◆ Dataset records:
=== Begin Enclosure ===
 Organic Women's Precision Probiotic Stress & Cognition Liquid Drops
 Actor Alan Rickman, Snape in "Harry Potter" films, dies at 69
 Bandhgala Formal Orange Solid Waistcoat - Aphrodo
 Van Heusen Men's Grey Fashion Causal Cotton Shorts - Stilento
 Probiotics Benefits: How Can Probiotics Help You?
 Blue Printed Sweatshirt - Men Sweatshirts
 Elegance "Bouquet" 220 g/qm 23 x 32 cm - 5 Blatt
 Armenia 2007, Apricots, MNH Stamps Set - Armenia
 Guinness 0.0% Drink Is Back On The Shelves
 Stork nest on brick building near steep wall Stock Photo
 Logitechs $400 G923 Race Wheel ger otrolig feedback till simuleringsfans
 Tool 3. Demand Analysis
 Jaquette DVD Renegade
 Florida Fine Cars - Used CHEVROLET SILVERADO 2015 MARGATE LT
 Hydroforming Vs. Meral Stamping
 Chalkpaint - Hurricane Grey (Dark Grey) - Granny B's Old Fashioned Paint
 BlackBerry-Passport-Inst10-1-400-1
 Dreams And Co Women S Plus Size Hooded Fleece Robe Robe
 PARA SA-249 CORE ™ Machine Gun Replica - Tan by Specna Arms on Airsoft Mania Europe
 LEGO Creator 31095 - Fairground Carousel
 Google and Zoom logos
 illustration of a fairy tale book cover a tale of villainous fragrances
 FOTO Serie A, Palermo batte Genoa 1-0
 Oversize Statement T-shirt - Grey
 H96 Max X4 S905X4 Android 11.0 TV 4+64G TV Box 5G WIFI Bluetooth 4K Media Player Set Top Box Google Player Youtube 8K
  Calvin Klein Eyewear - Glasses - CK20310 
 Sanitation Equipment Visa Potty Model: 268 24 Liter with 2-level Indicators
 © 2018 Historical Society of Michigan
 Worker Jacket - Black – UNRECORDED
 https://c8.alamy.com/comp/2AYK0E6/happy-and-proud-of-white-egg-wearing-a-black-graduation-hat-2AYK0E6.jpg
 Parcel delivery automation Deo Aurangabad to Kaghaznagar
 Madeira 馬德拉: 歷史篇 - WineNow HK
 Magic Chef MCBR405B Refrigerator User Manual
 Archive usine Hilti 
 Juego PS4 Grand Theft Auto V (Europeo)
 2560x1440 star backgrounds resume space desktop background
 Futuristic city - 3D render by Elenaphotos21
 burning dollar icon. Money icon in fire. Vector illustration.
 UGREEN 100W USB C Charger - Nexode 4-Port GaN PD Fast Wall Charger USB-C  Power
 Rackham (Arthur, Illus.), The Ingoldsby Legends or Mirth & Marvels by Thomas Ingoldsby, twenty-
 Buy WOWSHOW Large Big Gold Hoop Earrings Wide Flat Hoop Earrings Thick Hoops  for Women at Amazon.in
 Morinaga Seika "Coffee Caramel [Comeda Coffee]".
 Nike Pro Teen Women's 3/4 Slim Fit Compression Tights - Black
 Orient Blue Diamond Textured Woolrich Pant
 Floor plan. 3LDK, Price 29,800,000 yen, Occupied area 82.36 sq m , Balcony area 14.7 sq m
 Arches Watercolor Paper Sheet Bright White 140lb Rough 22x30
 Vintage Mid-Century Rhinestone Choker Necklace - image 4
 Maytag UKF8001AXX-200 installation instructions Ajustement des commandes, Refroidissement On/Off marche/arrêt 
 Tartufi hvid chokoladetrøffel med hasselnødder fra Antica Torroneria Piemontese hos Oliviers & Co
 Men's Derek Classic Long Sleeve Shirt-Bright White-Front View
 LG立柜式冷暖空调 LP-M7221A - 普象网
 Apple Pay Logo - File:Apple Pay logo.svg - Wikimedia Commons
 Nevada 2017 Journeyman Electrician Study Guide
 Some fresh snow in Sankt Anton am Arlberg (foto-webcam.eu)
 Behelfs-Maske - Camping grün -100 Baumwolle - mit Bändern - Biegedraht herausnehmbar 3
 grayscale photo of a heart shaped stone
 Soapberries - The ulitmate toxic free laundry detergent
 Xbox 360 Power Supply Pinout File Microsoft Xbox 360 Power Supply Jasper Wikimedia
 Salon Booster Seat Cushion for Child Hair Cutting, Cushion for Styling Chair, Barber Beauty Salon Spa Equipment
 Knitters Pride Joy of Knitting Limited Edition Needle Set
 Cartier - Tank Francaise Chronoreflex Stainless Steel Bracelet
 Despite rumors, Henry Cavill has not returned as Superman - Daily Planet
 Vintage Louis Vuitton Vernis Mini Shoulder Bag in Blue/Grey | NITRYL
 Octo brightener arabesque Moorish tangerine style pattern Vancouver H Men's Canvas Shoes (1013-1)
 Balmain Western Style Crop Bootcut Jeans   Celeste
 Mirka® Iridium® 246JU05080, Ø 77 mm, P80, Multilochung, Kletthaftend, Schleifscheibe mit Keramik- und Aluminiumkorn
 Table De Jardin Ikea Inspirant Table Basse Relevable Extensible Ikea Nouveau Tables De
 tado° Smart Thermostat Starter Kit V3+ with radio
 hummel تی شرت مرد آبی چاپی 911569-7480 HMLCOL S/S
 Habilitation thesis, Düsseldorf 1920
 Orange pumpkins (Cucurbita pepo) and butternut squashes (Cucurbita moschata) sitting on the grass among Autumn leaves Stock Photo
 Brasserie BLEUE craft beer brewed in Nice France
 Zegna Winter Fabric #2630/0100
=== End Enclosure ===
◆ The problem: Every line holding the word "File" should be copied out of the material.

◆ Result of the task:
 Apple Pay Logo - File:Apple Pay logo.svg - Wikimedia Commons
 Xbox 360 Power Supply Pinout File Microsoft Xbox 360 Power Supply Jasper Wikimedia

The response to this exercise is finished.